Our requirement at Koumbit.org is to have a tool that will do a series
of tests when we receive or want to verify new hardware. This would
ideally be in a debirf image, since those are easily to build and
share. A good inspiration of this is the "breakin" software, which the
above ITP is about.

I have started working on a silly debirf rescue image. I basically took
the rescue image from 0.33 and added this file in
rescue/modules/stressant:

debirf_exec apt-get --no-install-recommends --assume-yes install bonnie++ cpuburn stress smartmontools e2fsprogs util-linux screen

Quite trivial really. But to ease collaboration, I started a repo here:

https://redmine.koumbit.net/projects/stressant

Cheers,

A.

-- 
Le pouvoir n'est pas à conquérir, il est à détruire
                        - Jean-François Brient, de la servitude moderne
[Message part 2 (application/pgp-signature, inline)]

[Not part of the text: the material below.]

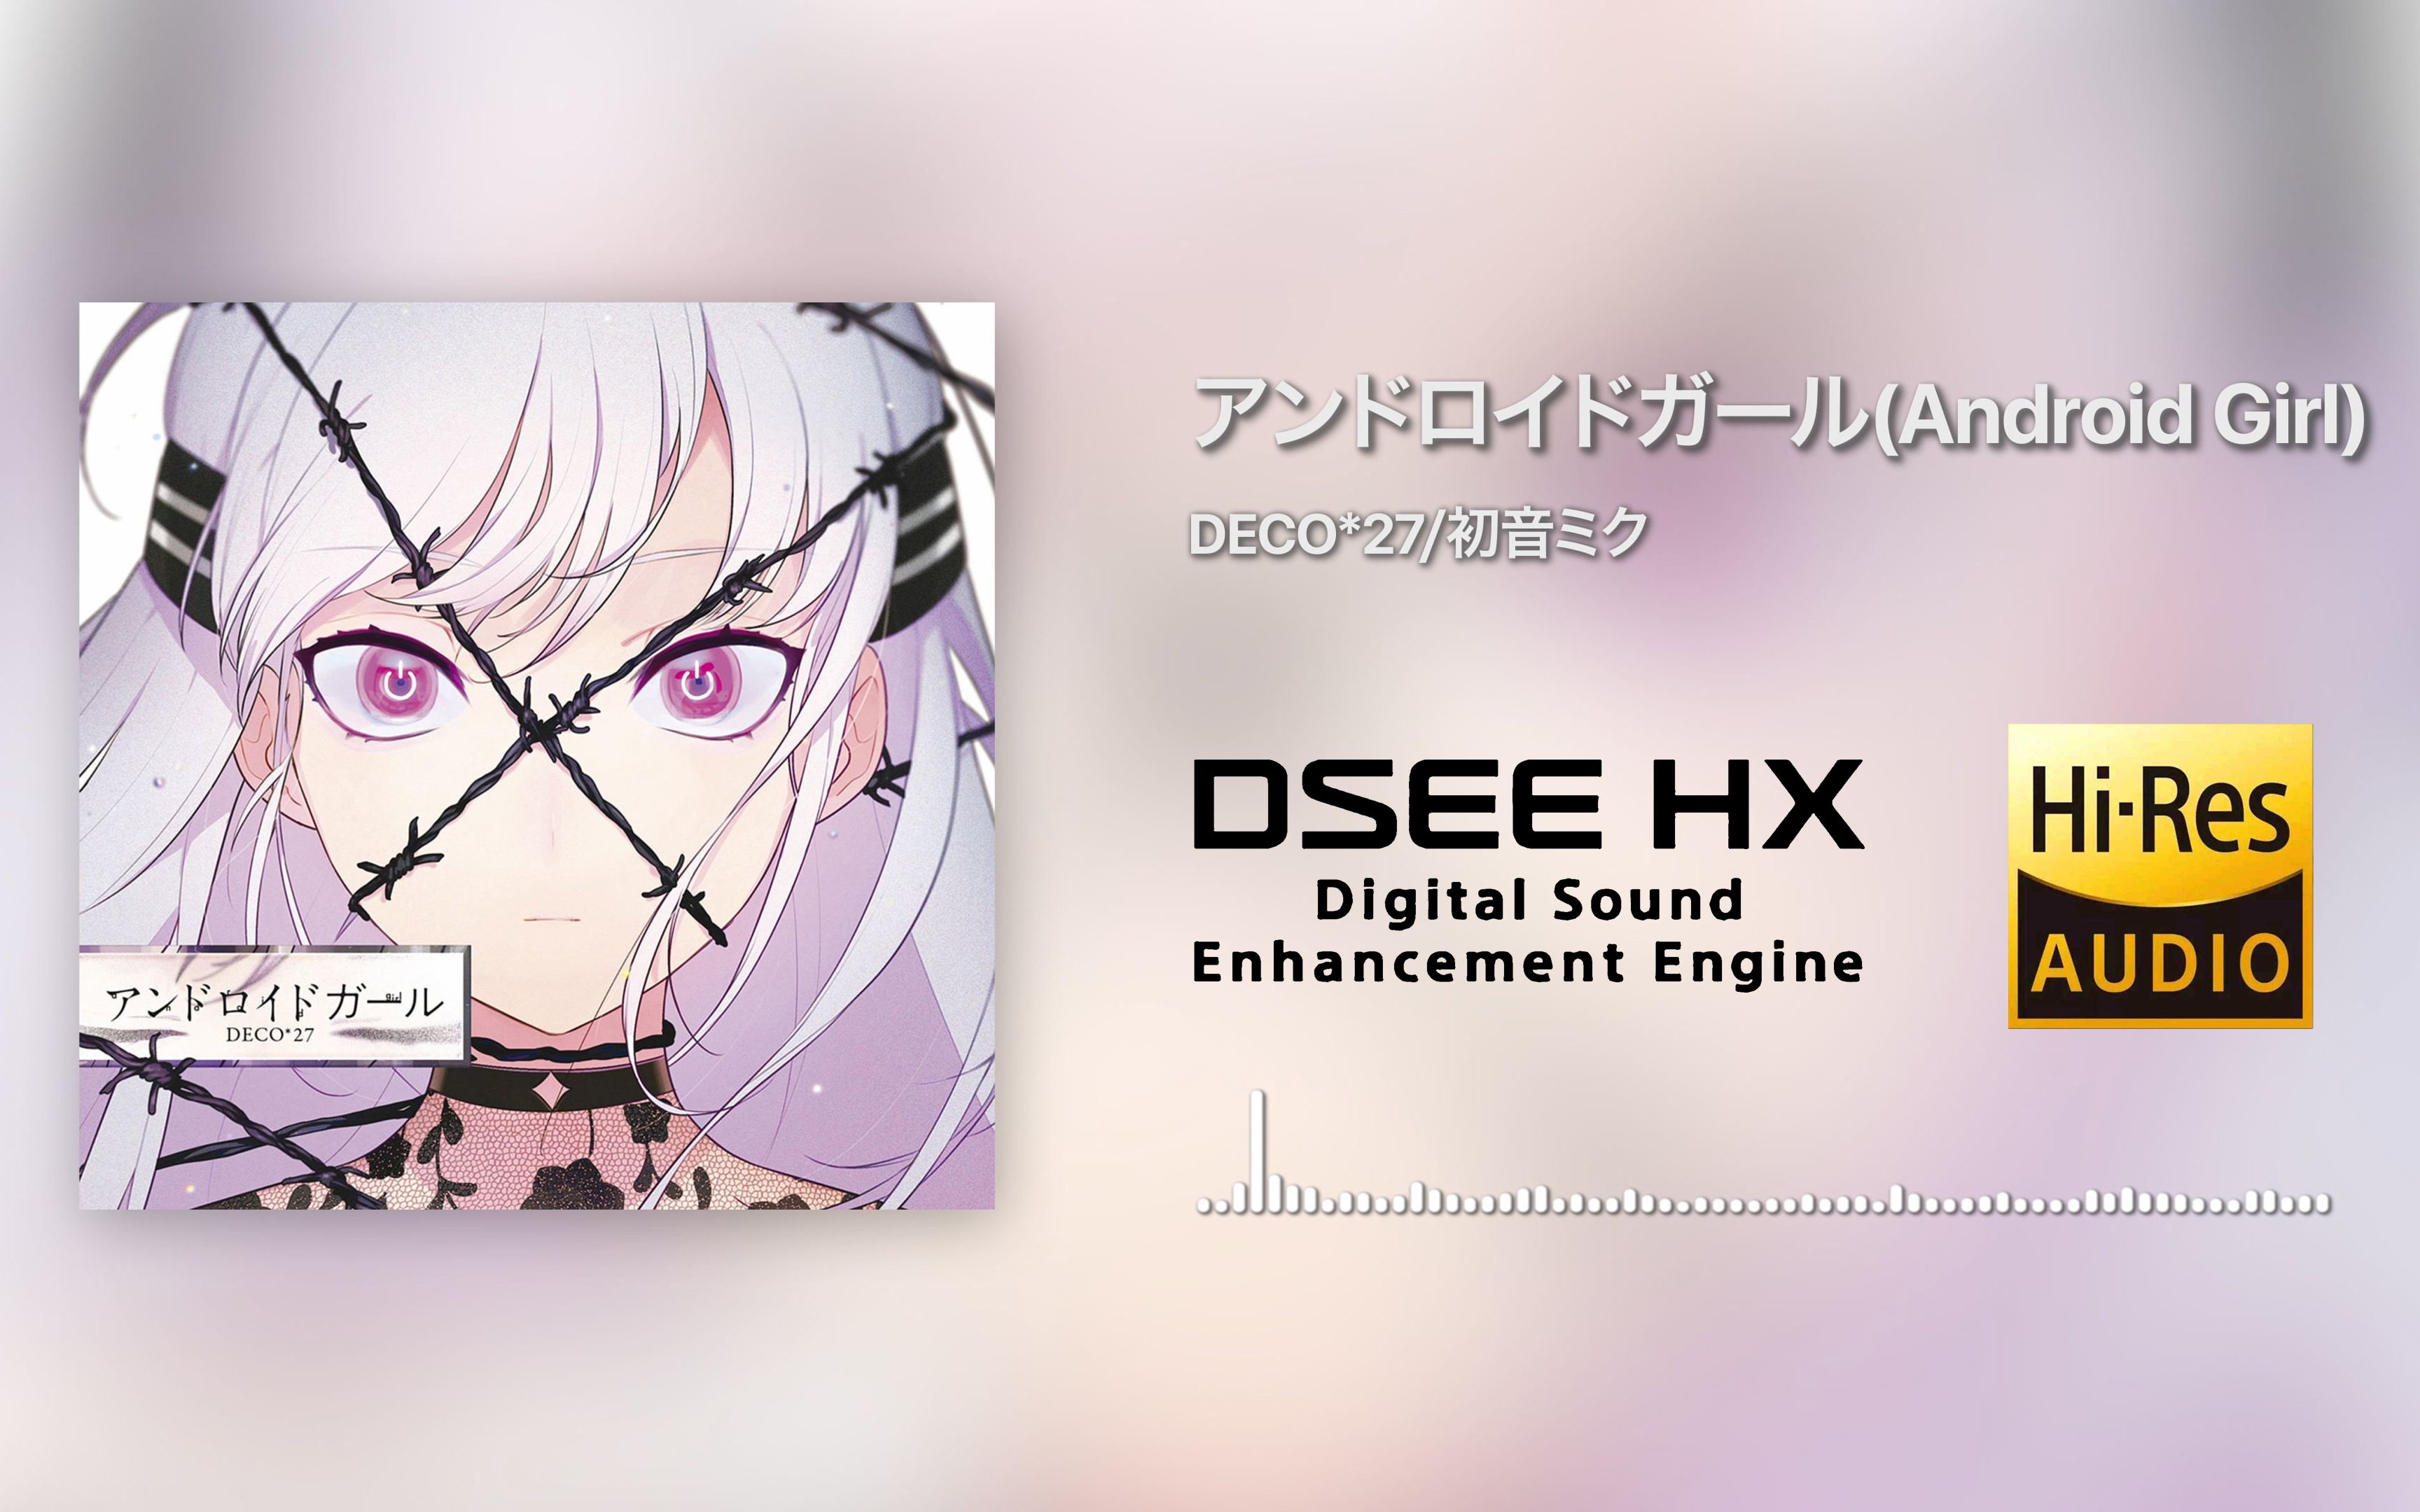 [4K Hi-Res×DSEE HX] Reunion&アンドロイドガール(Android Girl) - DECO*27/初音ミク [24bit/96kHz]

Information forwarded to debian-bugs-dist@lists.debian.org, wnpp@debian.org, "Antoine Beaupré" <anarcat@debian.org>:
Bug#707178; Package wnpp. (Thu, 16 May 2013 14:30:23 GMT) Full text and rfc822 format available.

Acknowledgement sent to Daniel Kahn Gillmor <dkg@fifthhorseman.net>:
Extra info received and forwarded to list. Copy sent to wnpp@debian.org, "Antoine Beaupré" <anarcat@debian.org>. (Thu, 16 May 2013 14:30:23 GMT) Full text and rfc822 format available.

Message #20 received at 707178@bugs.debian.org (full text, mbox):

From: Daniel Kahn Gillmor <dkg@fifthhorseman.net>
To: Antoine Beaupré <anarcat@debian.org>
Cc: taggart@debian.org, 707178@bugs.debian.org, debirf@lists.mayfirst.org
Subject: Re: start of a debirf stress-testing extension: "stressant"
Date: Thu, 16 May 2013 10:26:13 -0400
[Message part 1 (text/plain, inline)]
[adding a cc: to the debirf mailing list [0]]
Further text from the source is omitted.